**Dataset extract**

·····

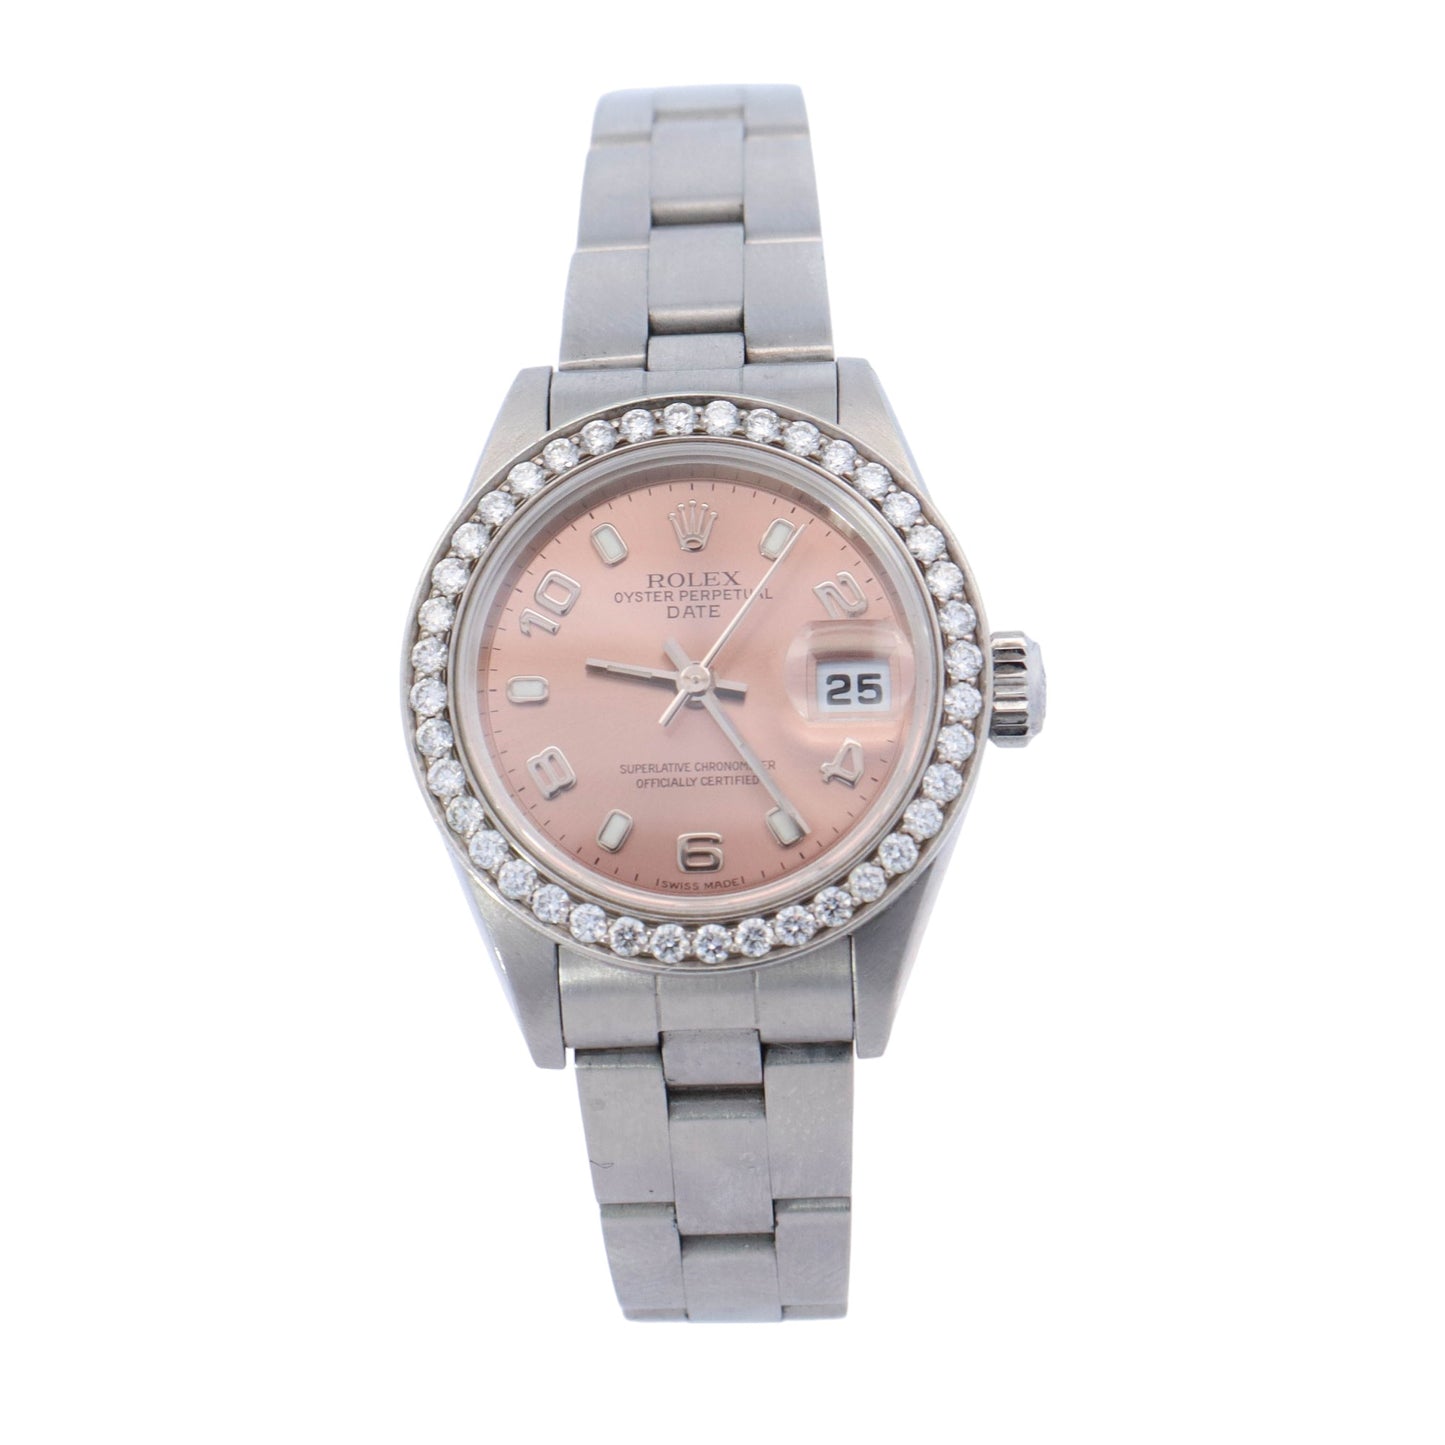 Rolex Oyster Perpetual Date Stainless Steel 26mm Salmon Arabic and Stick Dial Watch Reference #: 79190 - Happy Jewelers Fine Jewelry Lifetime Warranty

·····

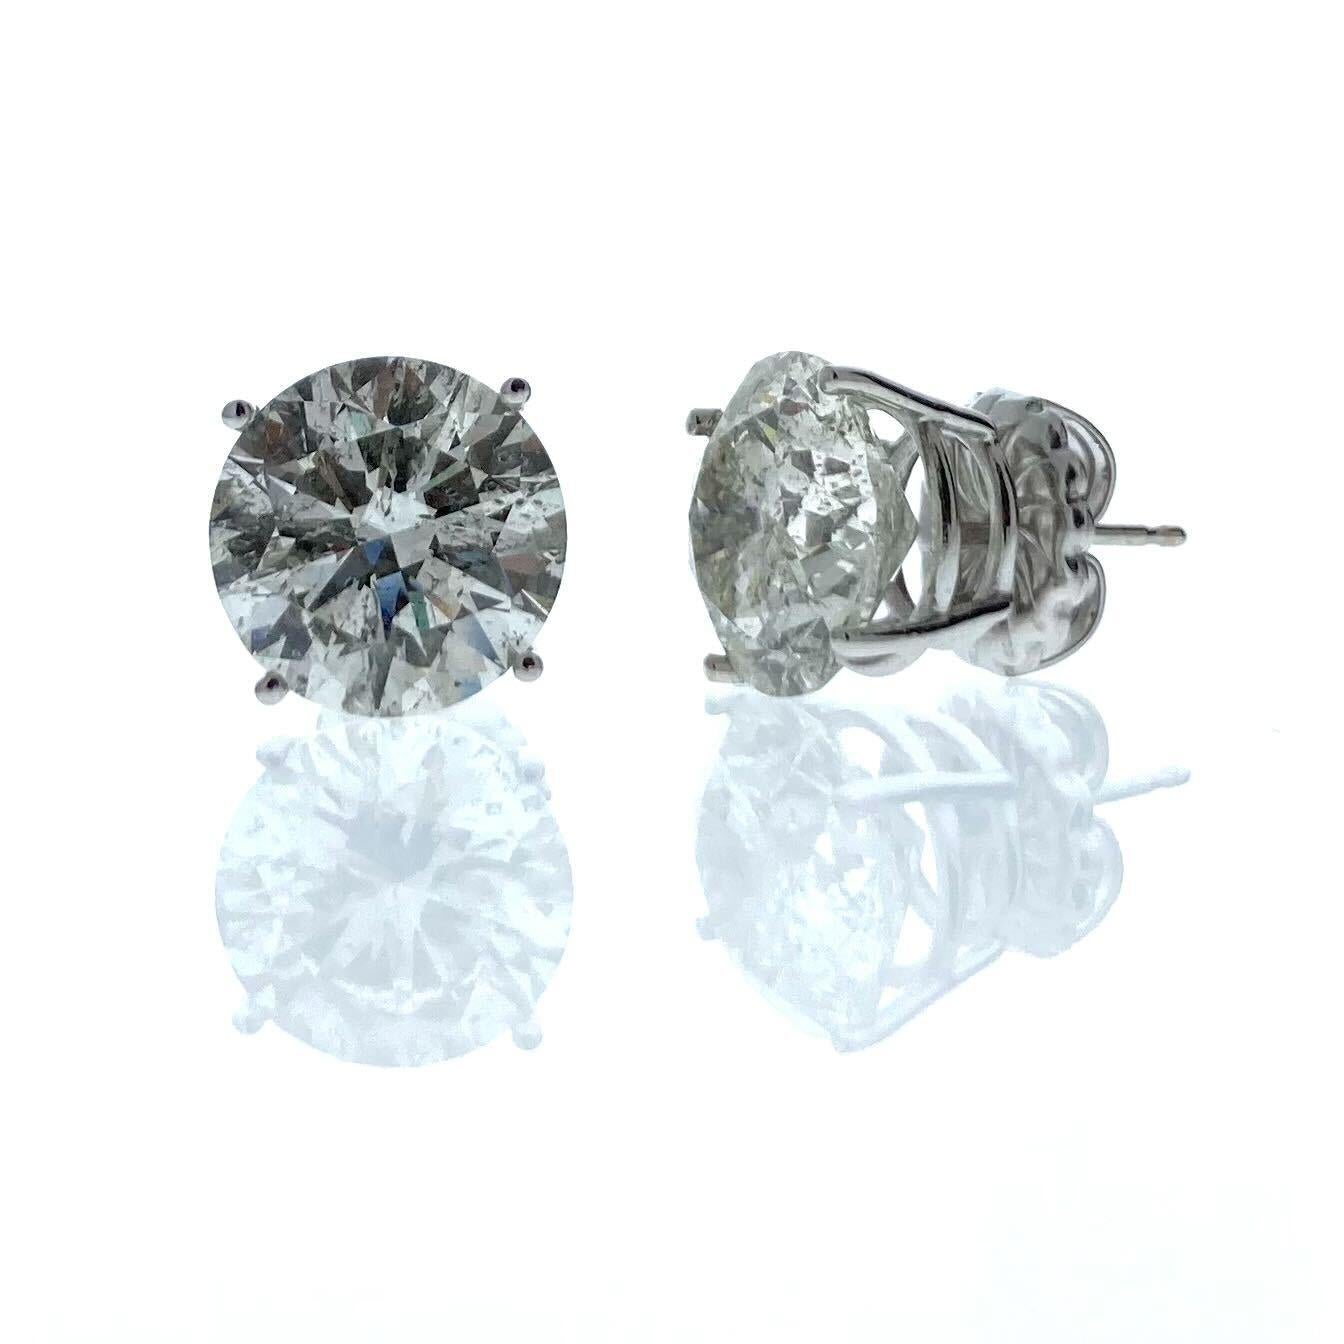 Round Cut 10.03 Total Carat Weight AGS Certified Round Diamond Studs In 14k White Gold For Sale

·····

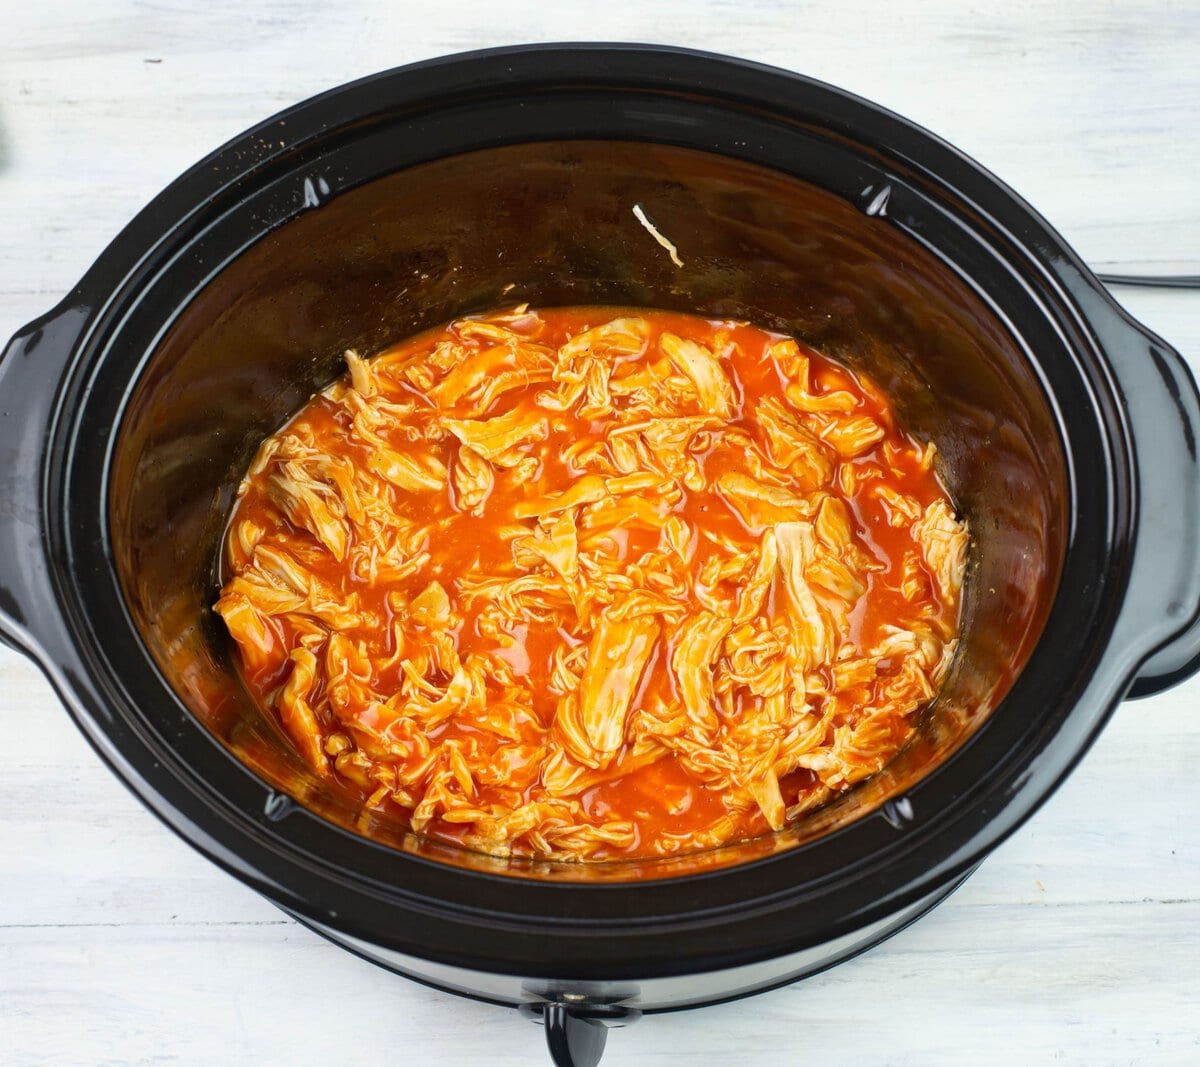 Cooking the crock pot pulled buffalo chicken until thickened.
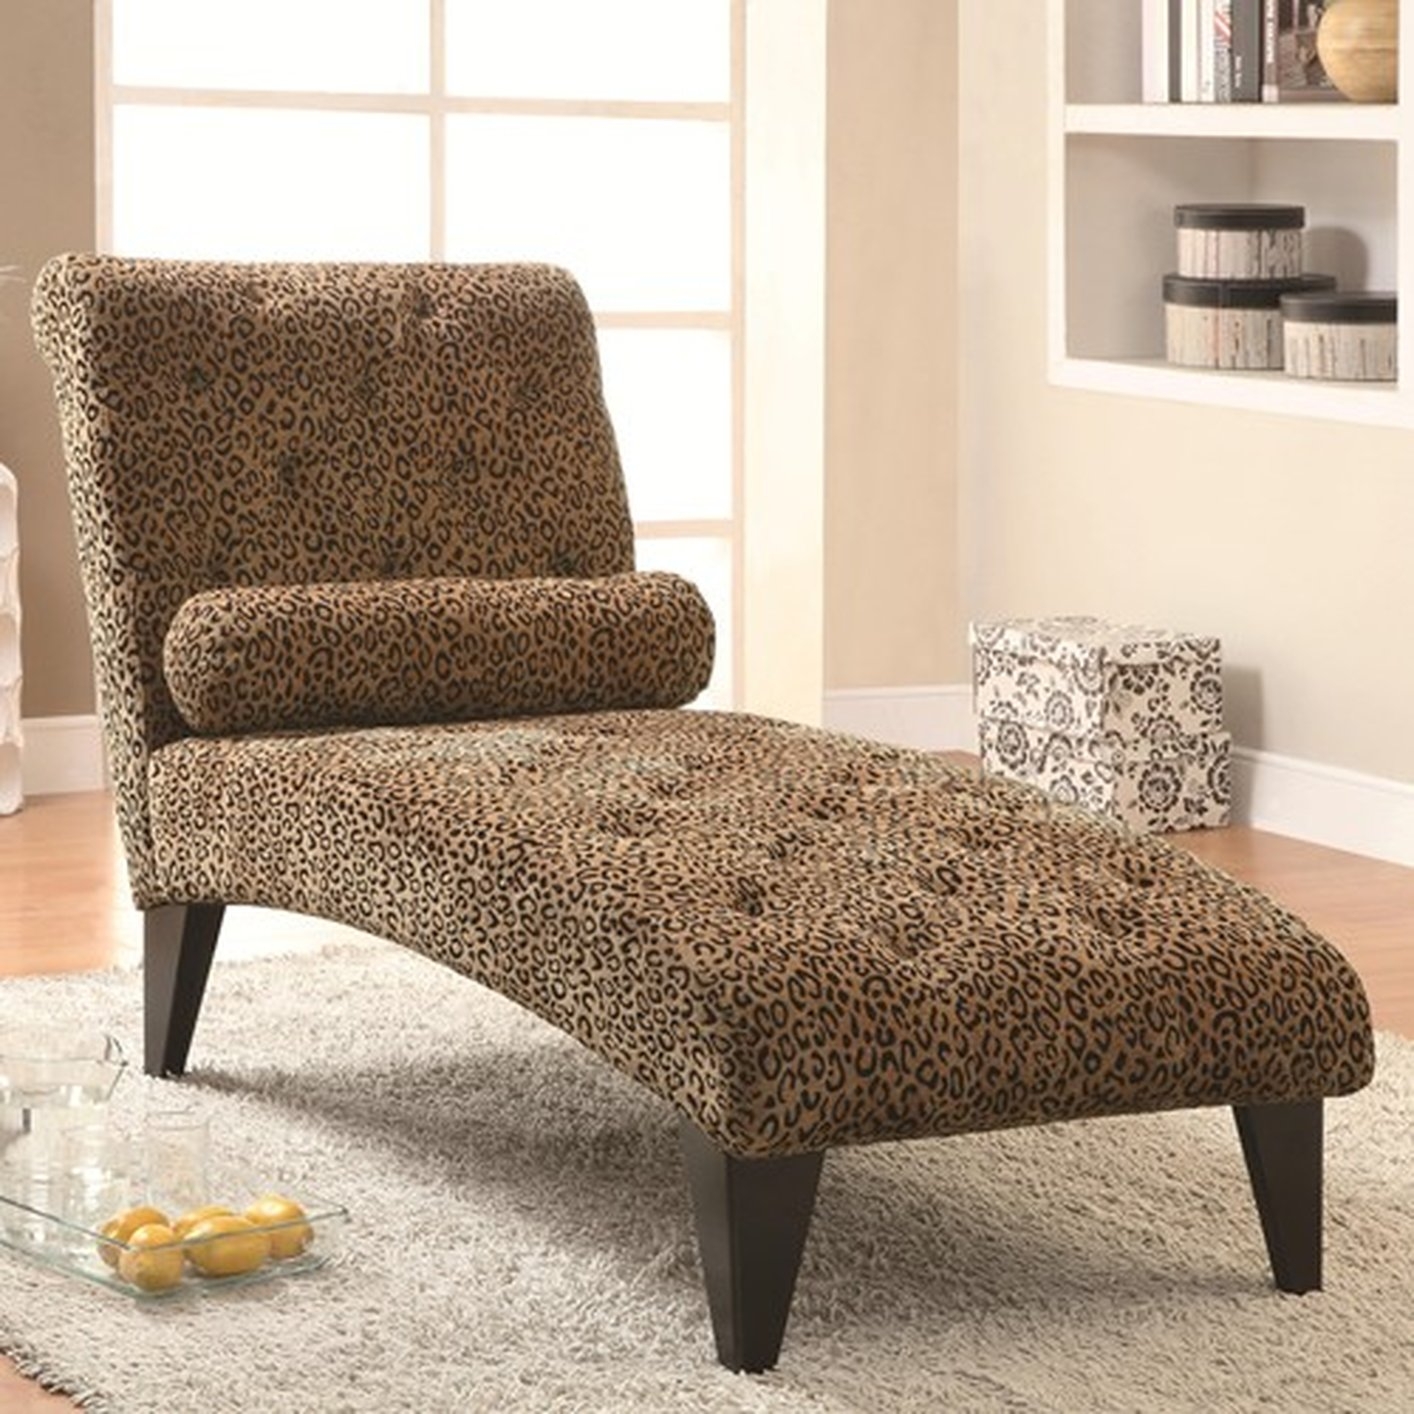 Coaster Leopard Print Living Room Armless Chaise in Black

·····

**Work to complete**
Above are the records. Copy only the lines from the one with "Cooking the crock" through the one with "Coaster Leopard Print", exactly, with no pictures.

**Answer to this problem**
 Cooking the crock pot pulled buffalo chicken until thickened.
 Coaster Leopard Print Living Room Armless Chaise in Black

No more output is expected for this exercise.